- [PROBLEM DETAILS] Any picture in the data below gets skipped; print all the rest exactly.

- [DATASET EXCERPT]
▼

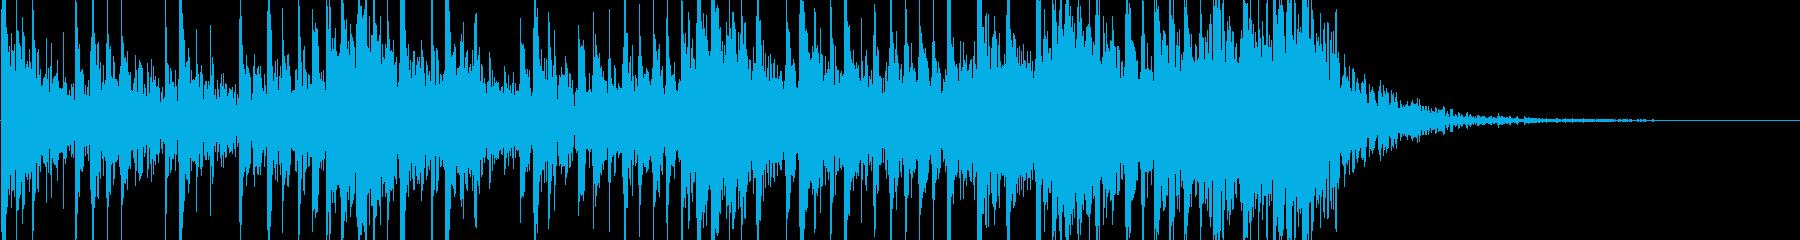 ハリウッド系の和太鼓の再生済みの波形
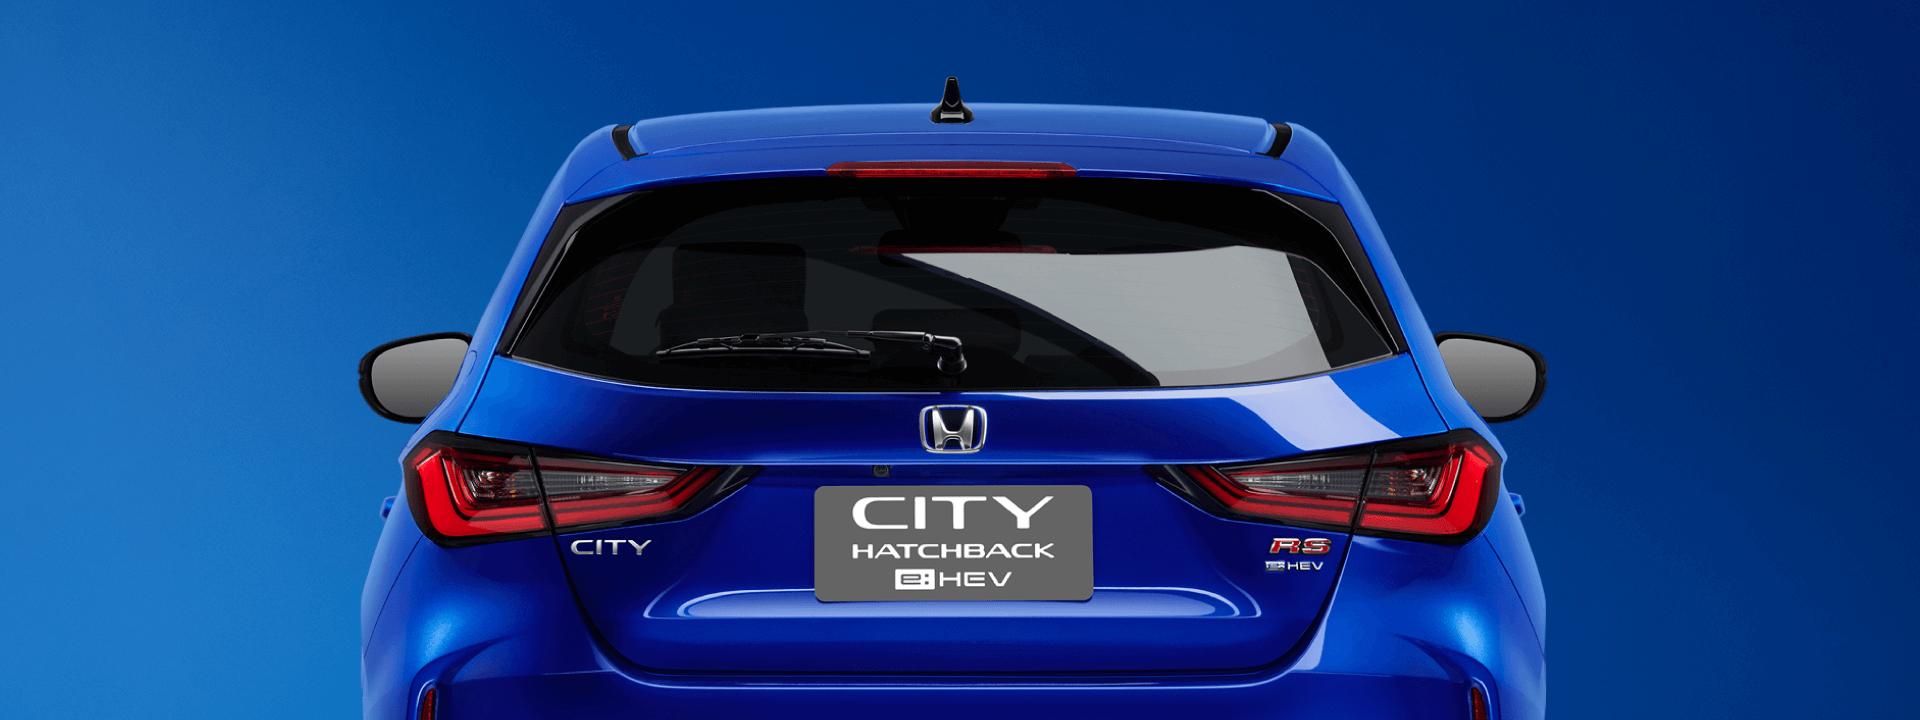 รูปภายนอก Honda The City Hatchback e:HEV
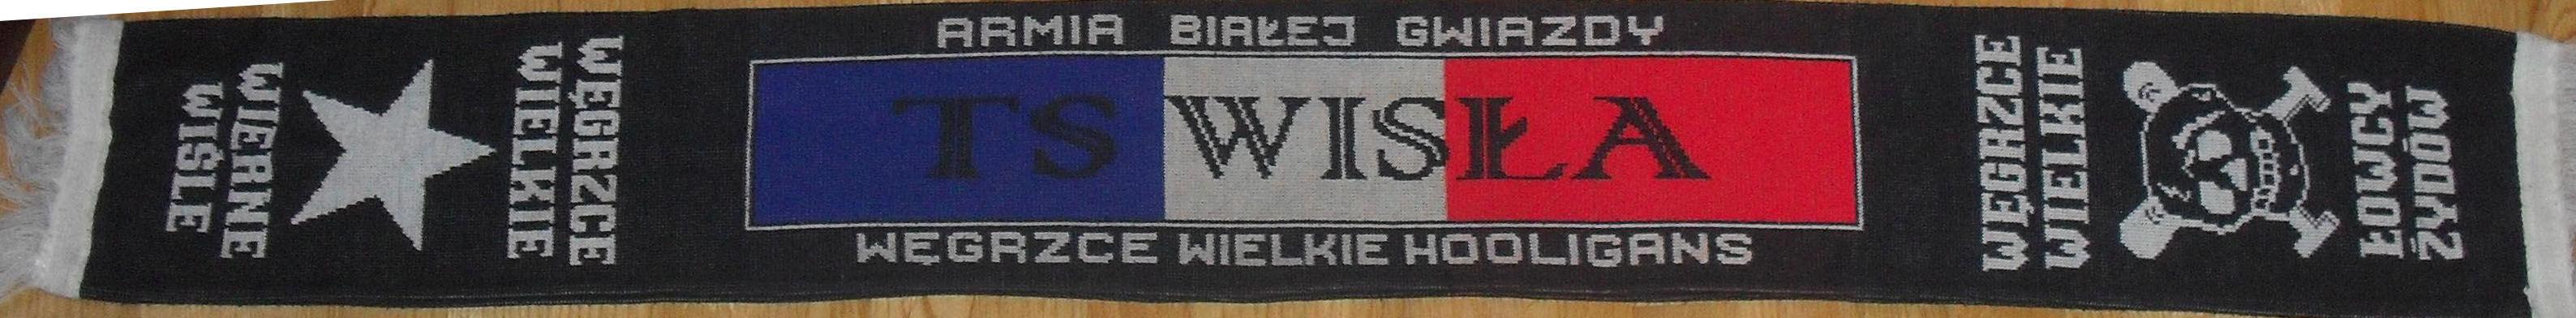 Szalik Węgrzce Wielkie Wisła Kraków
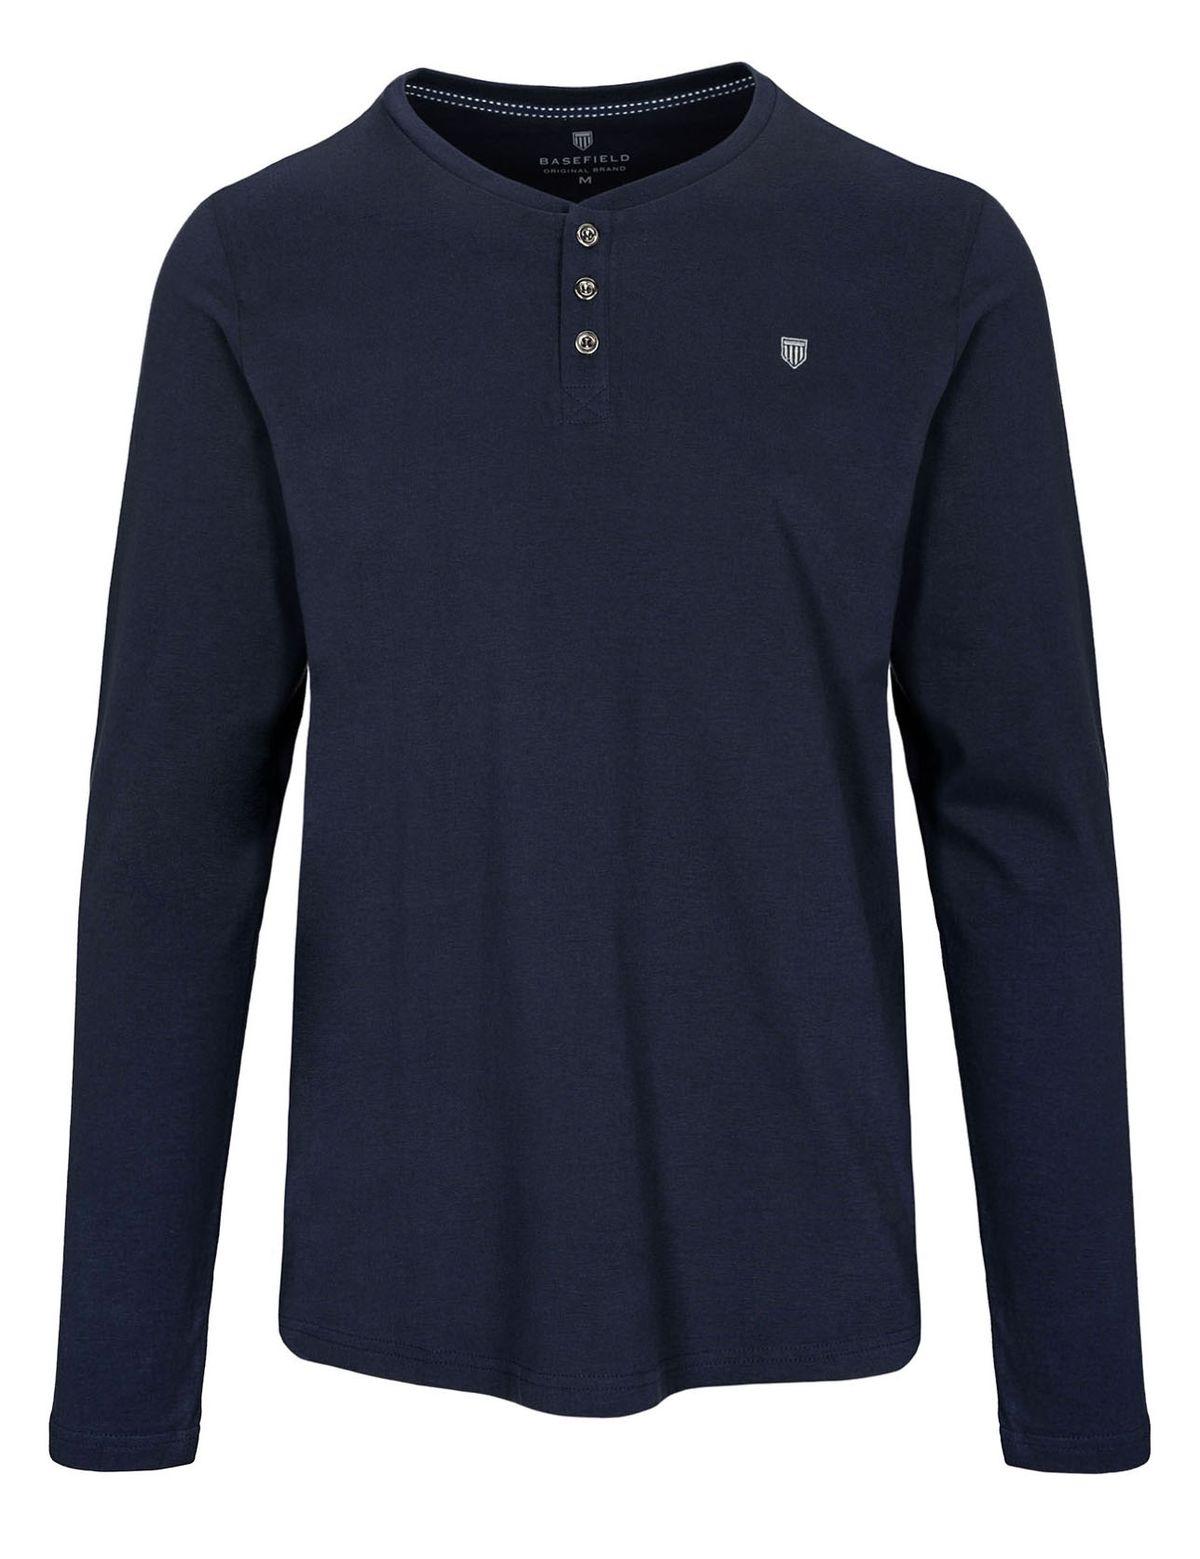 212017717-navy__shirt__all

▲

- [REPLY TO THE TASK]
 ハリウッド系の和太鼓の再生済みの波形
 รูปภายนอก Honda The City Hatchback e:HEV
 Szalik Węgrzce Wielkie Wisła Kraków
 212017717-navy__shirt__all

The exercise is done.